Task directions:
An exact copy of the listing below is required, minus its pictures.

Information supplied:
········

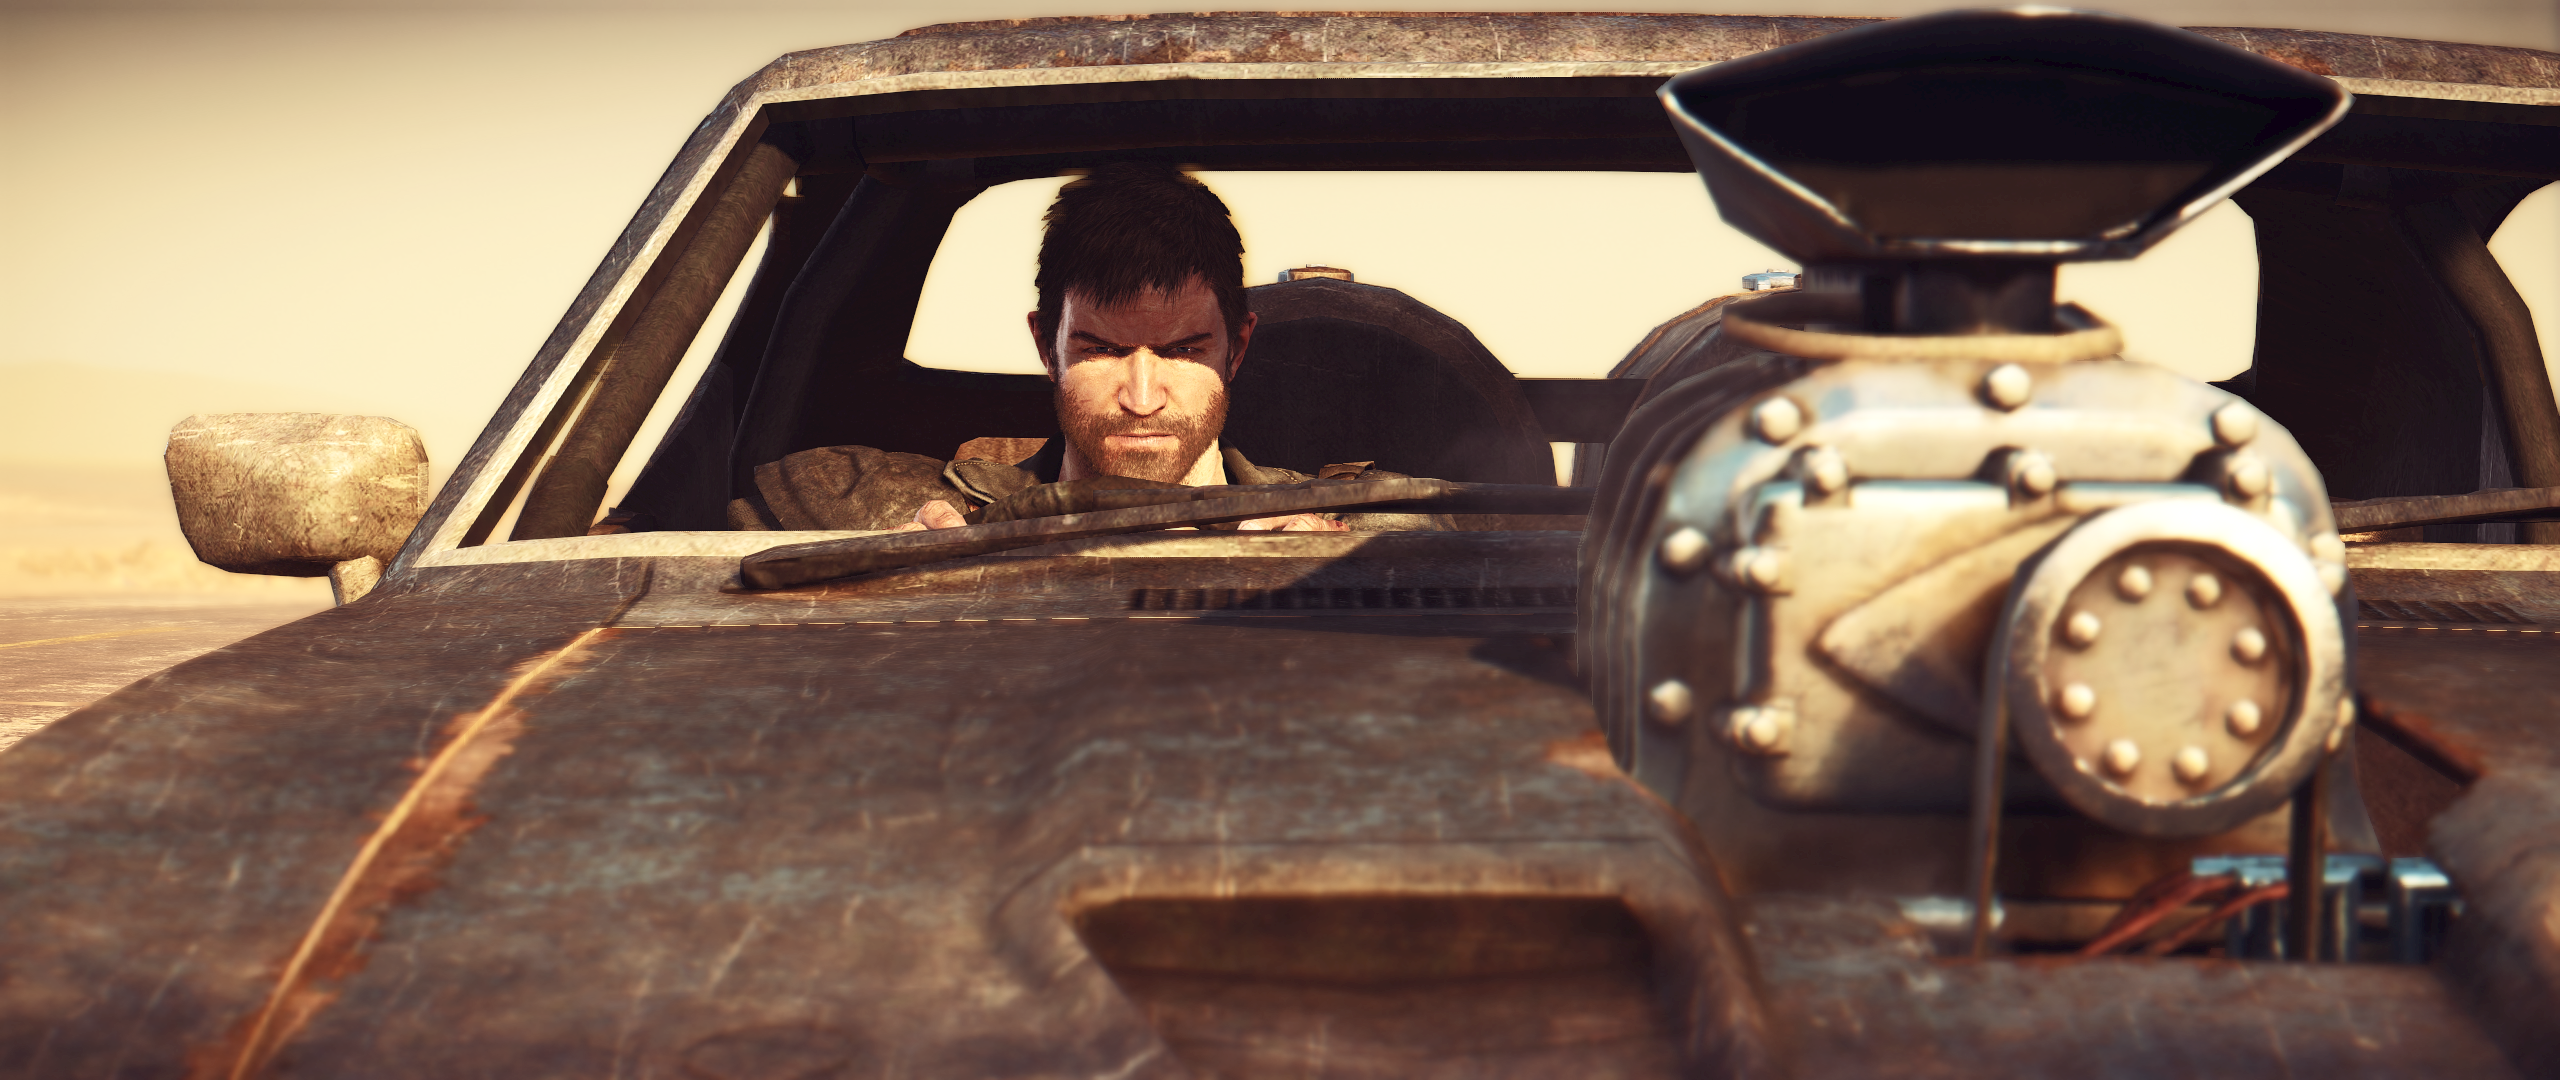 MadMax 2015-09-20 07-55-57.png
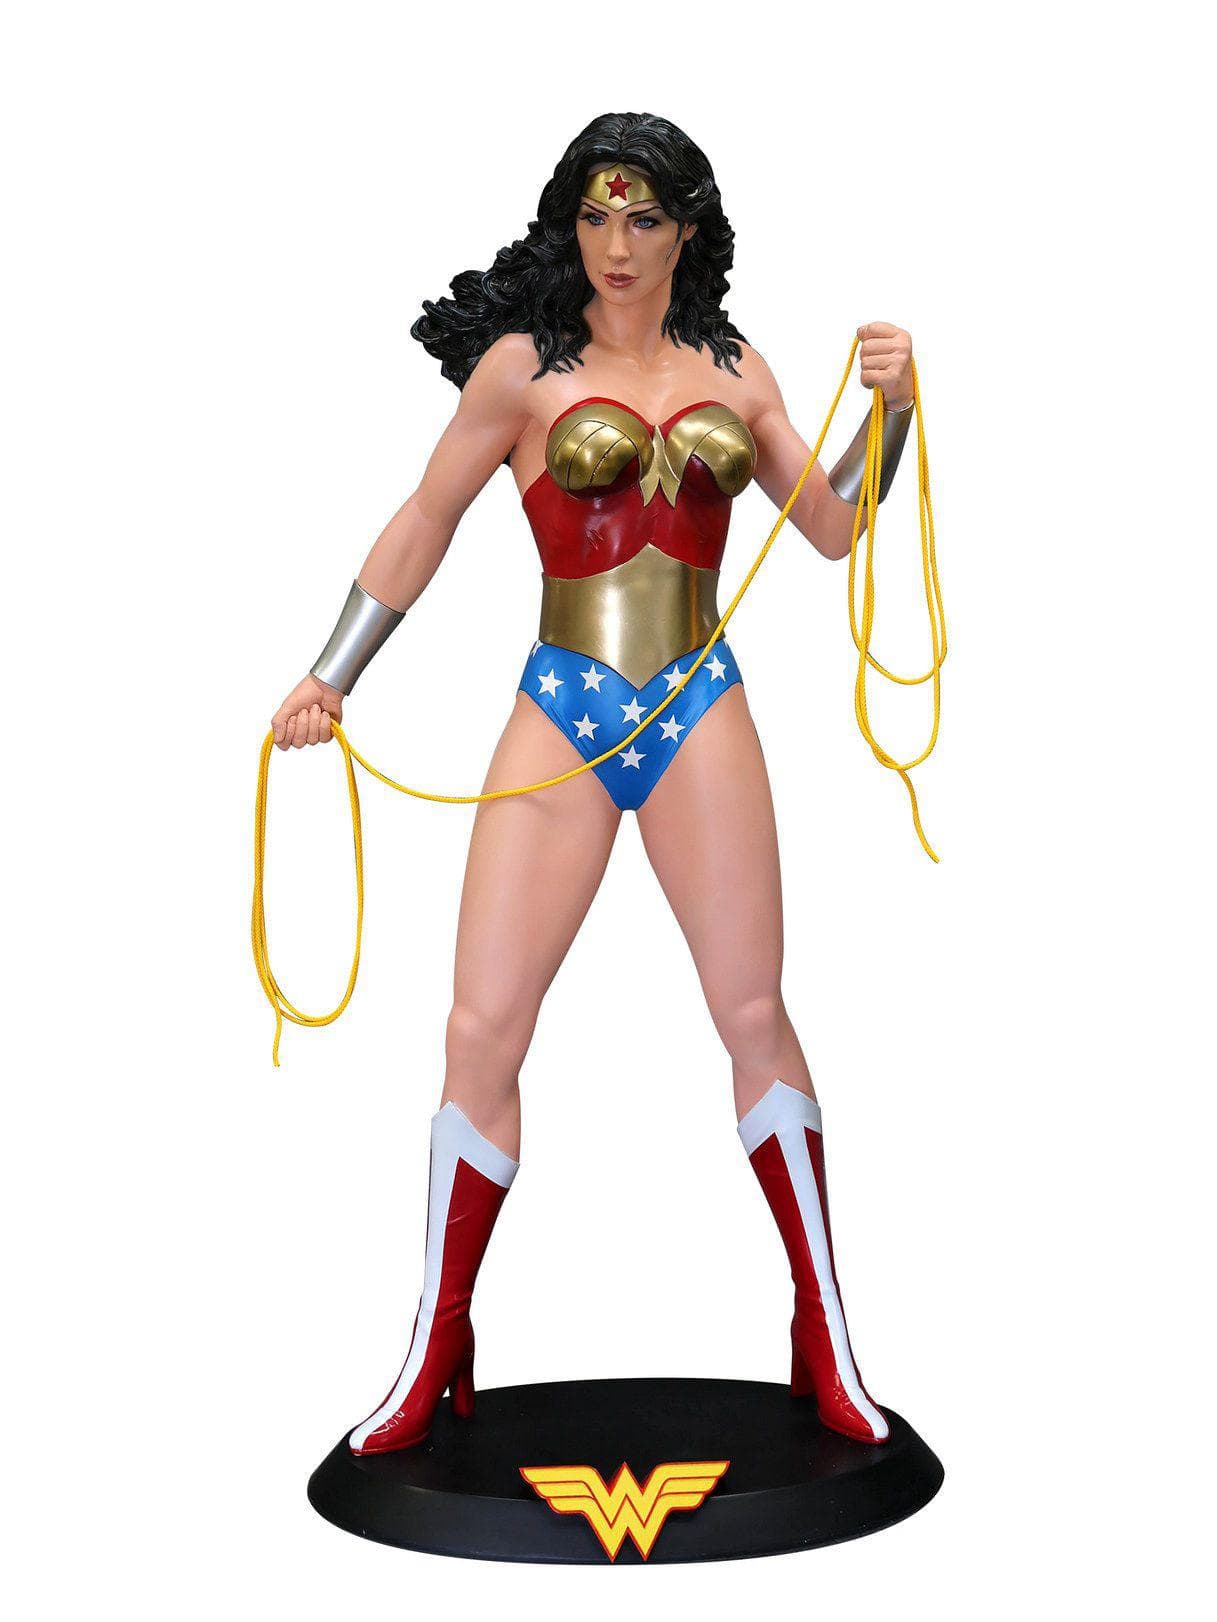 Life-size Wonder Woman Statue - Collectible - costumes.com
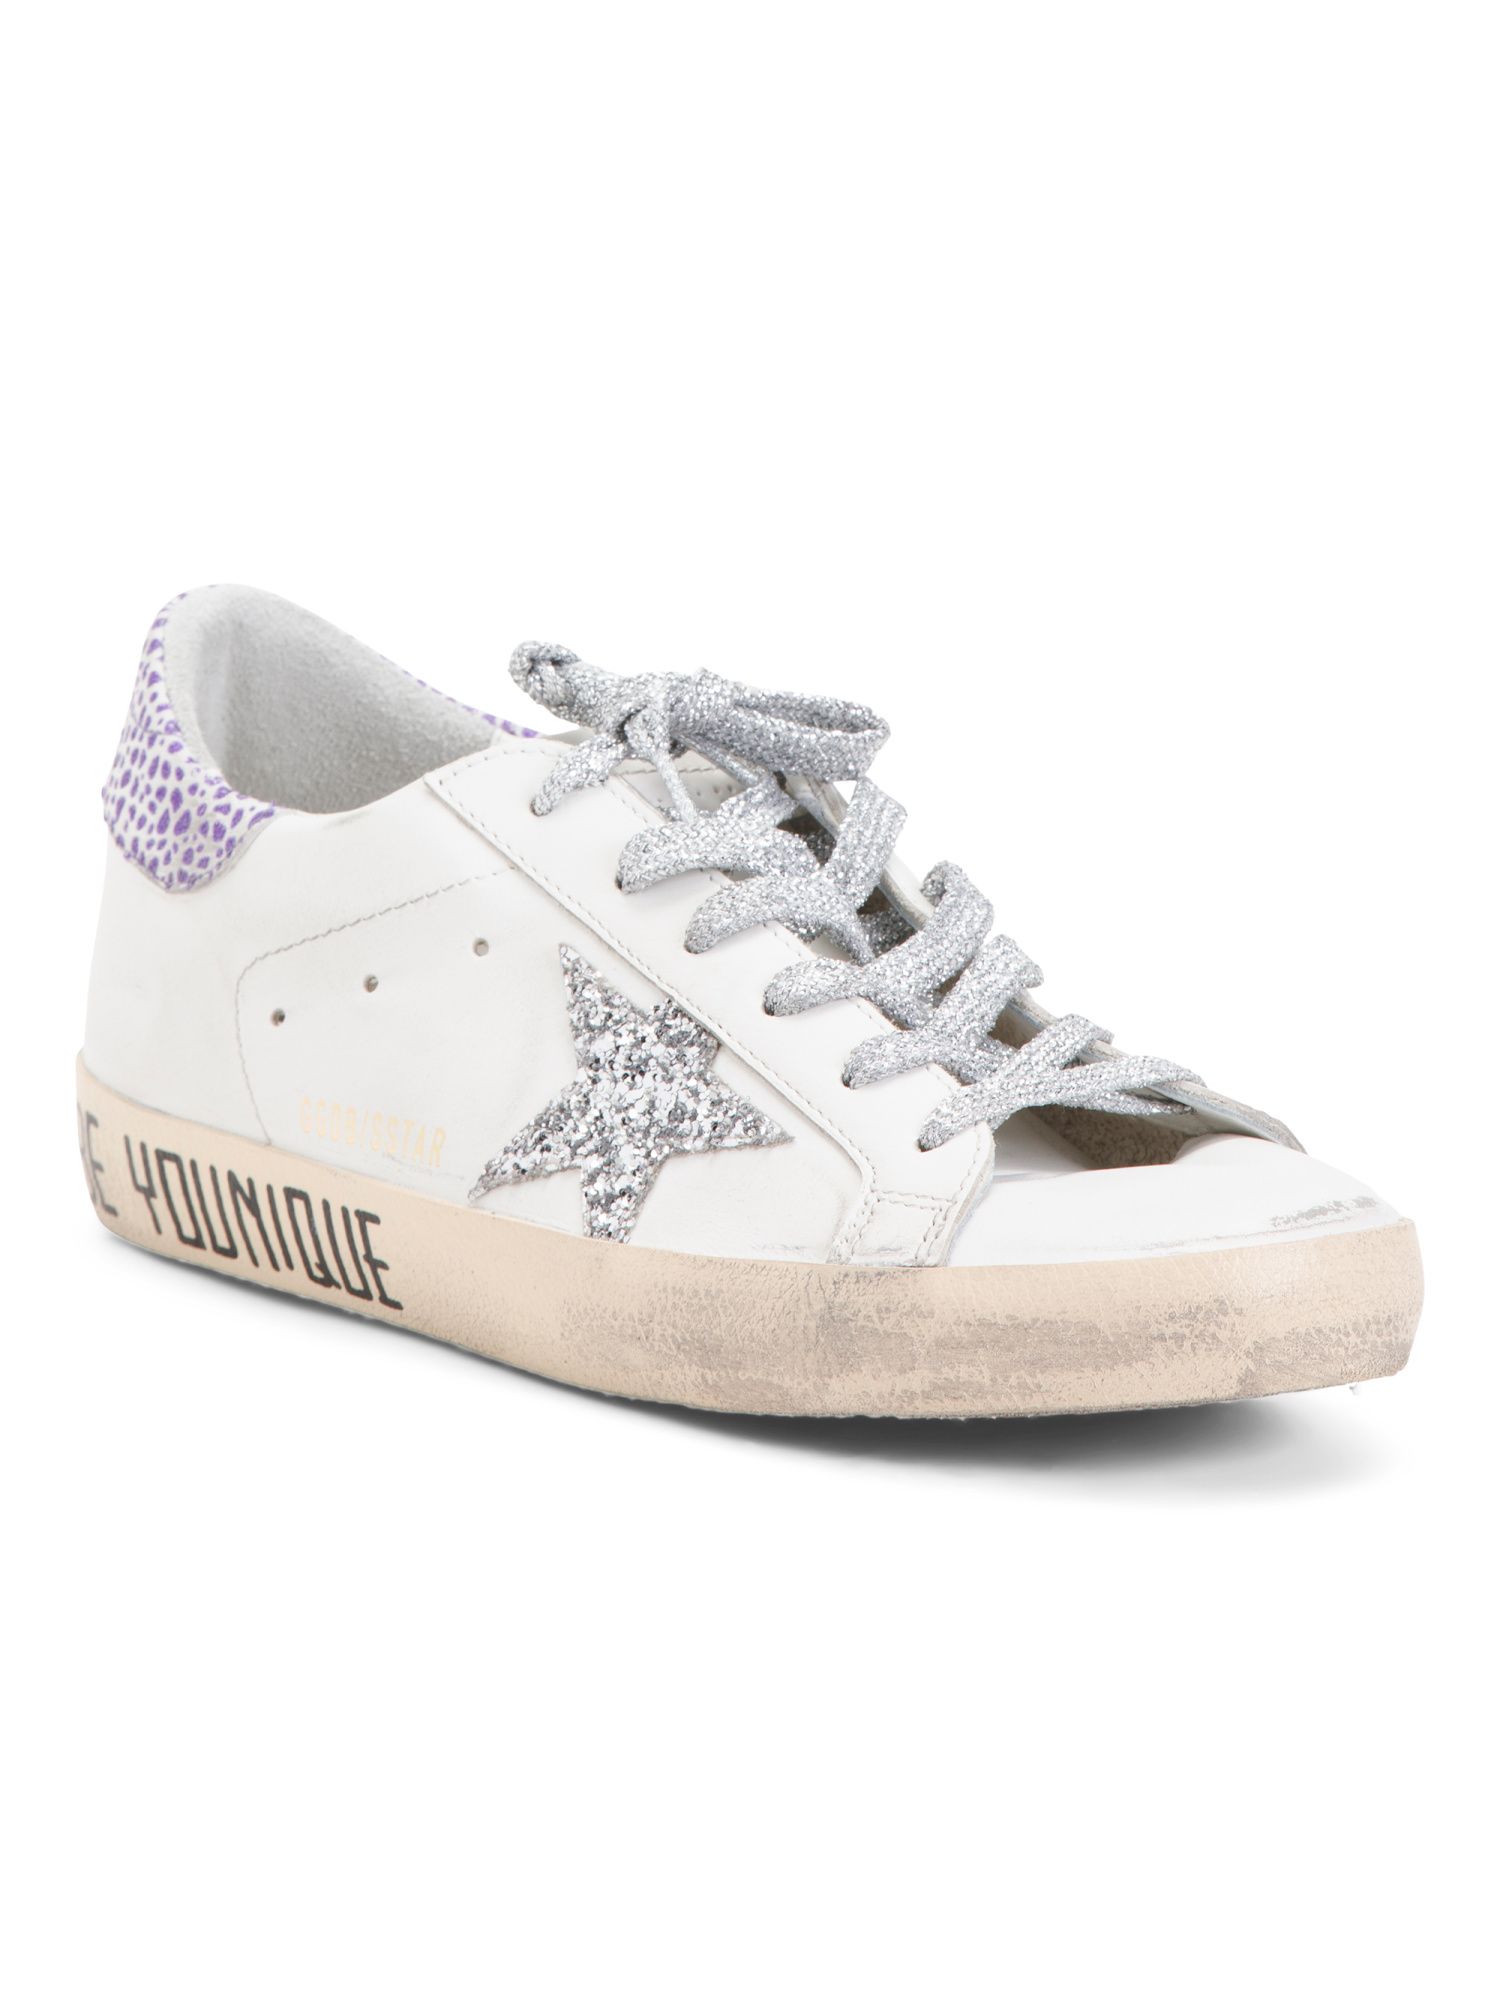 Made In Italy Distressed Sneakers | Women's Shoes | Marshalls | Marshalls

········

Written answer:
 MadMax 2015-09-20 07-55-57.png
 Life-size Wonder Woman Statue - Collectible - costumes.com
 Made In Italy Distressed Sneakers | Women's Shoes | Marshalls | Marshalls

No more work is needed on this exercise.